From bda2fa535564ace56a395d5b65c6dc81305401fa Mon Sep 17 00:00:00 2001
From: Johannes Weiner <hannes@saeurebad.de>
Date: Fri, 25 Jul 2008 19:46:14 -0700
Subject: powerpc: use generic show_mem()

Remove arch-specific show_mem() in favor of the generic version.

This also removes the following redundant information display:

	- pages in swapcache, printed by show_swap_cache_info()

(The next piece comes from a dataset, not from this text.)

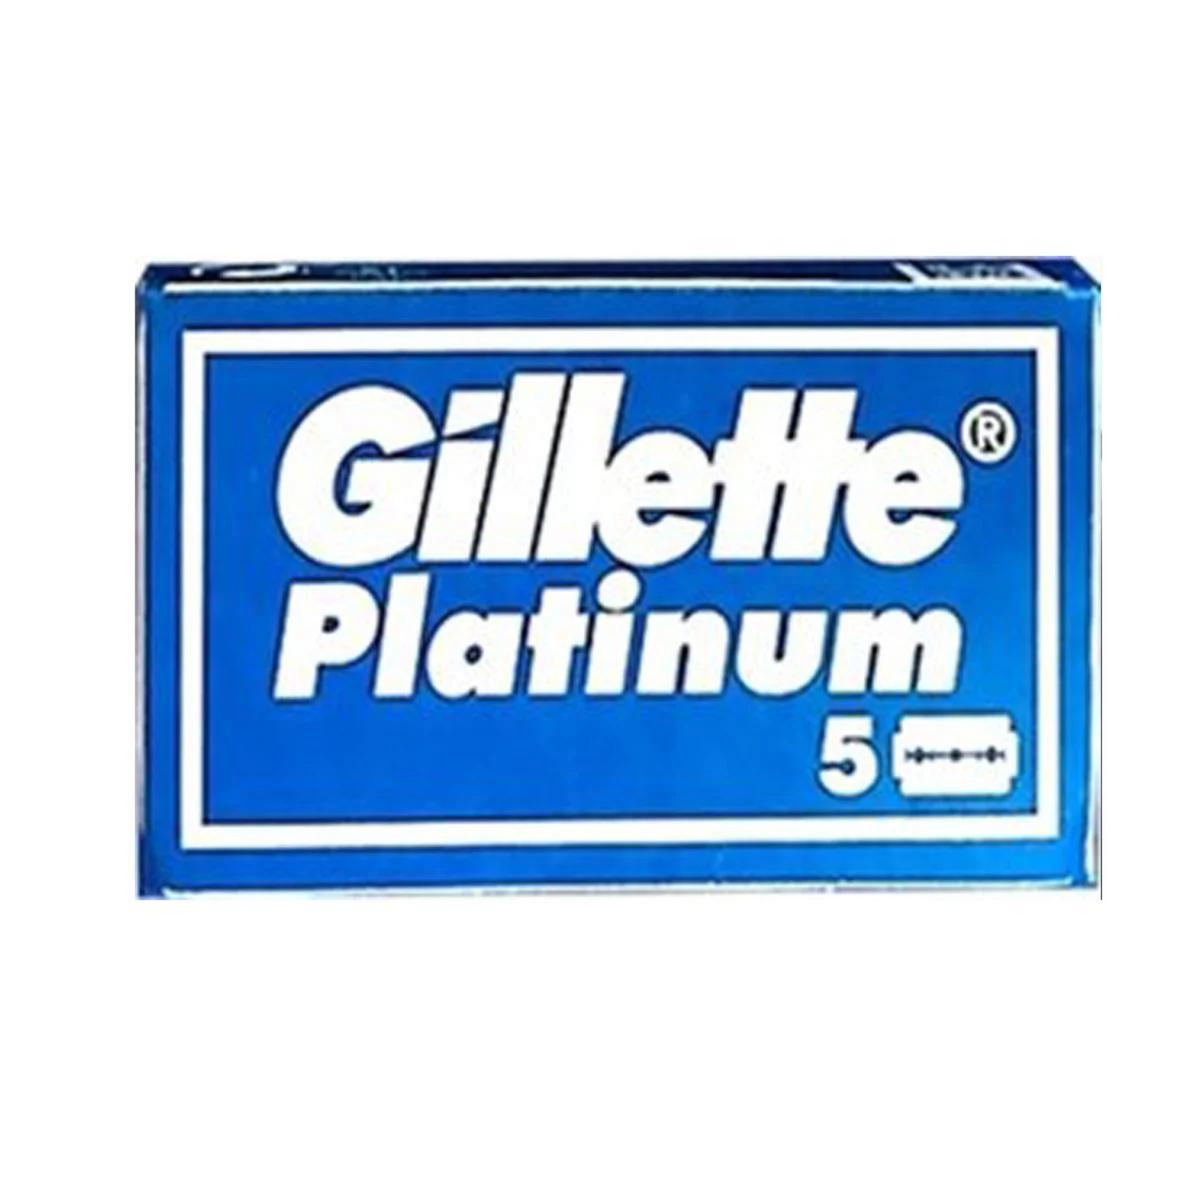 Primary Image of Gillette Platinum Classic Double Edge Razor Blades (5 Count)

where show_mem() calls show_free_areas(), which calls
show_swap_cache_info().

Signed-off-by: Johannes Weiner <hannes@saeurebad.de>
Cc: Benjamin Herrenschmidt <benh@kernel.crashing.org>
Cc: Paul Mackerras <paulus@samba.org>
Signed-off-by: Andrew Morton <akpm@linux-foundation.org>
Signed-off-by: Linus Torvalds <torvalds@linux-foundation.org>
---
 arch/powerpc/mm/mem.c | 39 ---------------------------------------
 1 file changed, 39 deletions(-)

(limited to 'arch/powerpc')

diff --git a/arch/powerpc/mm/mem.c b/arch/powerpc/mm/mem.c
index 1ca2235f096..702691cb9e8 100644
--- a/arch/powerpc/mm/mem.c
+++ b/arch/powerpc/mm/mem.c
@@ -186,45 +186,6 @@ walk_memory_resource(unsigned long start_pfn, unsigned long nr_pages, void *arg,
 }
 EXPORT_SYMBOL_GPL(walk_memory_resource);
 
-void show_mem(void)
-{
-	unsigned long total = 0, reserved = 0;
-	unsigned long shared = 0, cached = 0;
-	unsigned long highmem = 0;
-	struct page *page;
-	pg_data_t *pgdat;
-	unsigned long i;
-
-	printk("Mem-info:\n");
-	show_free_areas();
-	for_each_online_pgdat(pgdat) {
-		unsigned long flags;
-		pgdat_resize_lock(pgdat, &flags);
-		for (i = 0; i < pgdat->node_spanned_pages; i++) {
-			if (!pfn_valid(pgdat->node_start_pfn + i))
-				continue;
-			page = pgdat_page_nr(pgdat, i);
-			total++;
-			if (PageHighMem(page))
-				highmem++;
-			if (PageReserved(page))
-				reserved++;
-			else if (PageSwapCache(page))
-				cached++;
-			else if (page_count(page))
-				shared += page_count(page) - 1;
-		}
-		pgdat_resize_unlock(pgdat, &flags);
-	}
-	printk("%ld pages of RAM\n", total);
-#ifdef CONFIG_HIGHMEM
-	printk("%ld pages of HIGHMEM\n", highmem);
-#endif
-	printk("%ld reserved pages\n", reserved);
-	printk("%ld pages shared\n", shared);
-	printk("%ld pages swap cached\n", cached);
-}
-
 /*
  * Initialize the bootmem system and give it all the memory we
  * have available.  If we are using highmem, we only put the
-- 
cgit v1.2.3-70-g09d2